Lazar is one of CUEMS’s 80 EMTs who volunteer their time to help injured or sick people on campus. On nights and weekends there are always at least three EMTs on call and at least one or two on weekdays. In addition, CUEMS members can be requested to cover events such as concerts and club sport matches.
CUEMS is dispatched by the Cornell University Police Department when the CUPD receives 911 calls from campus. On any given day, CUEMS receives as many as 10 calls to help people with problems ranging from asthma and allergy attacks to motor vehicle accidents and alcohol intoxication.
CUEMS Director Alec Johnson ’08 and Lazar want students to know that CUEMS “is not there to get students in trouble. We are there to give people the best possible treatment.”
The EMTs note that there is no such thing as a typical shift. CUEMS may get four calls on a Tuesday morning and none on a Saturday night. EMTs who happen not to receive many calls during their shift are known as “white clouds.”
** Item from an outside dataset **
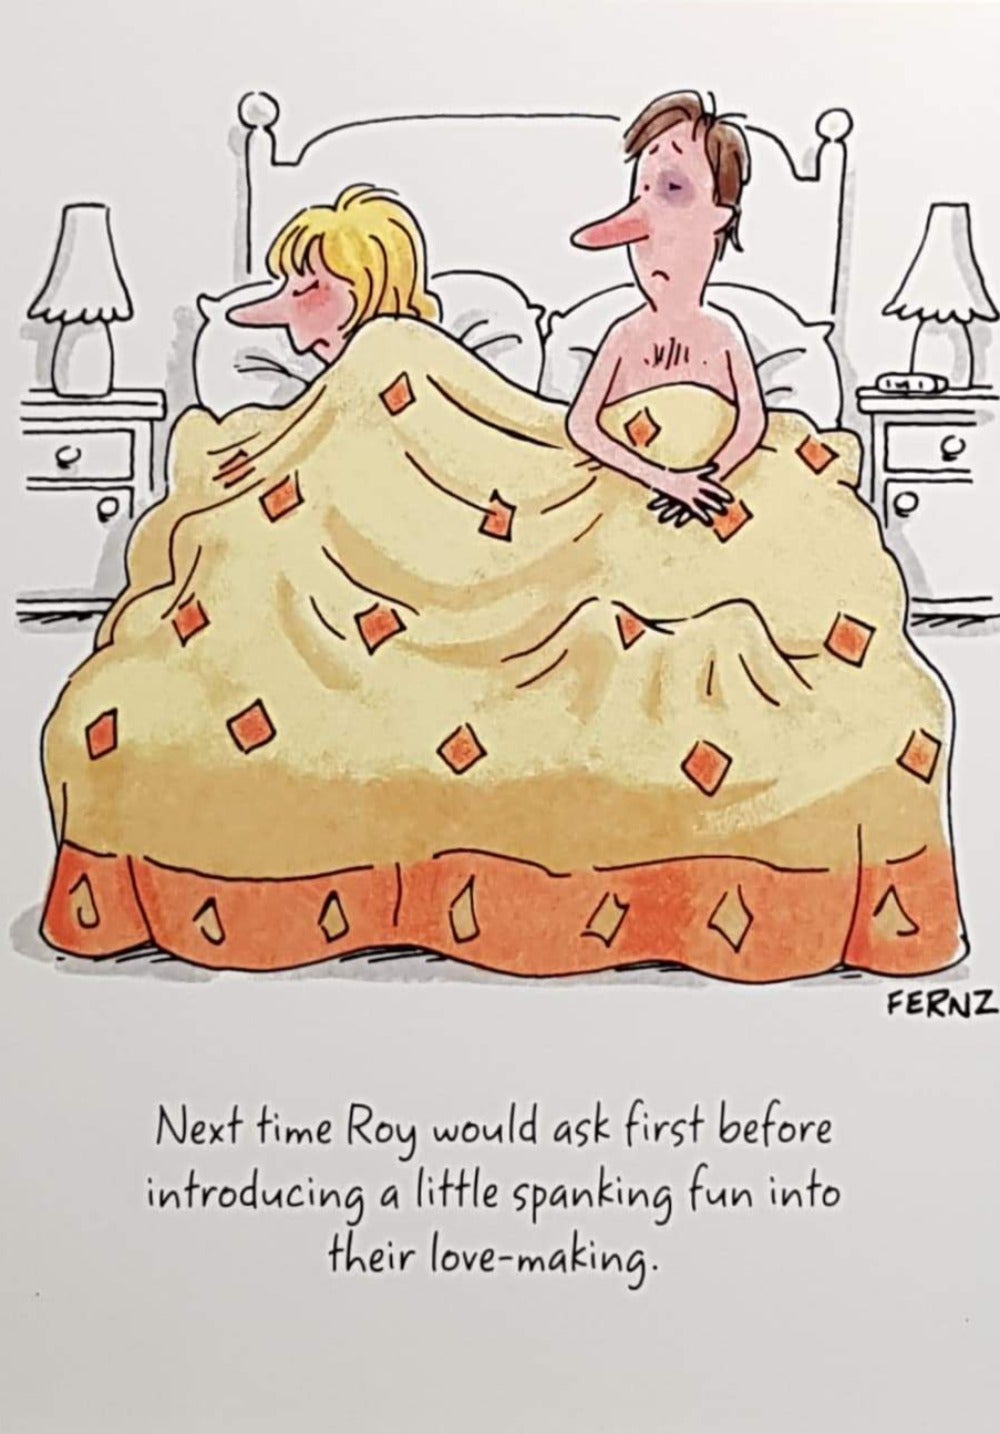 Birthday Card - Humour / Couple Lying in Bed

All CUEMS members must be connected to the Cornell community, and range from undergraduates studying subjects as diverse as hotel administration, government and economics, to graduate students, professors and staff. Upon joining the squad, those who are not already certified EMTs receive New York State certified EMT training, which can be completed through the Cornell Physical Education department.
CUEMS members must serve for at least 40 hours per semester, although EMT Alina O’Brien ’10 said that many EMTs greatly exceed the service requirement. EMTs serving night shifts sleep at the CUEMS headquarters near the Veterinary School and often respond to calls in the middle of the night, a process that, according to Johnson, “wakes you up very quickly.”
Johnson called his time with CUEMS a way to help out “during people’s most desperate hours.”
O’Brien added that being a member of CUEMS is “a great learning opportunity because they really emphasize the teaching and ease you into it.”
New members are known as trainees; they are able to become as involved in a call as they want in order to learn. Upon arrival at the scene, it is typically their job to take the patient’s vital demographics.
Each trainee responds to calls with an attendant and a crew chief, one of who must be specially certified to drive the specially equipped CUEMS suburban. The attendant and crew chief ask questions at the scene to determine the situation and decide how best to treat the patient.
According to Johnson, CUEMS “provides an interim level of care by treating and stabilizing patients.”
In the event that someone needs to be taken to the hospital, the EMTs will either drive the patient themselves or prepare the patient for an ambulance transport.
Because the CUEMS headquarters are located on campus and the CUEMS van often patrols campus at night, CUEMS typically responds to calls in about one minute, or about 10 minutes before an ambulance will arrive.
Often, during emergencies, CUEMS will already have assessed a patient by the time the ambulance arrives, so the patient is ready to go immediately to the hospital.
These steps help “speed up the process” of getting someone in critical condition to the hospital, said Lazar.
CUEMS is run completely by student volunteers. The group receives funding from the Undergraduate and Graduate Student Assemblies to cover the costs of equipment and training since patients do not pay for CUEMS’s services. Individual EMTs do not get paid for their time. Instead, said O’Brien and Lazar, EMTs volunteer in order to “give back to the Cornell community.”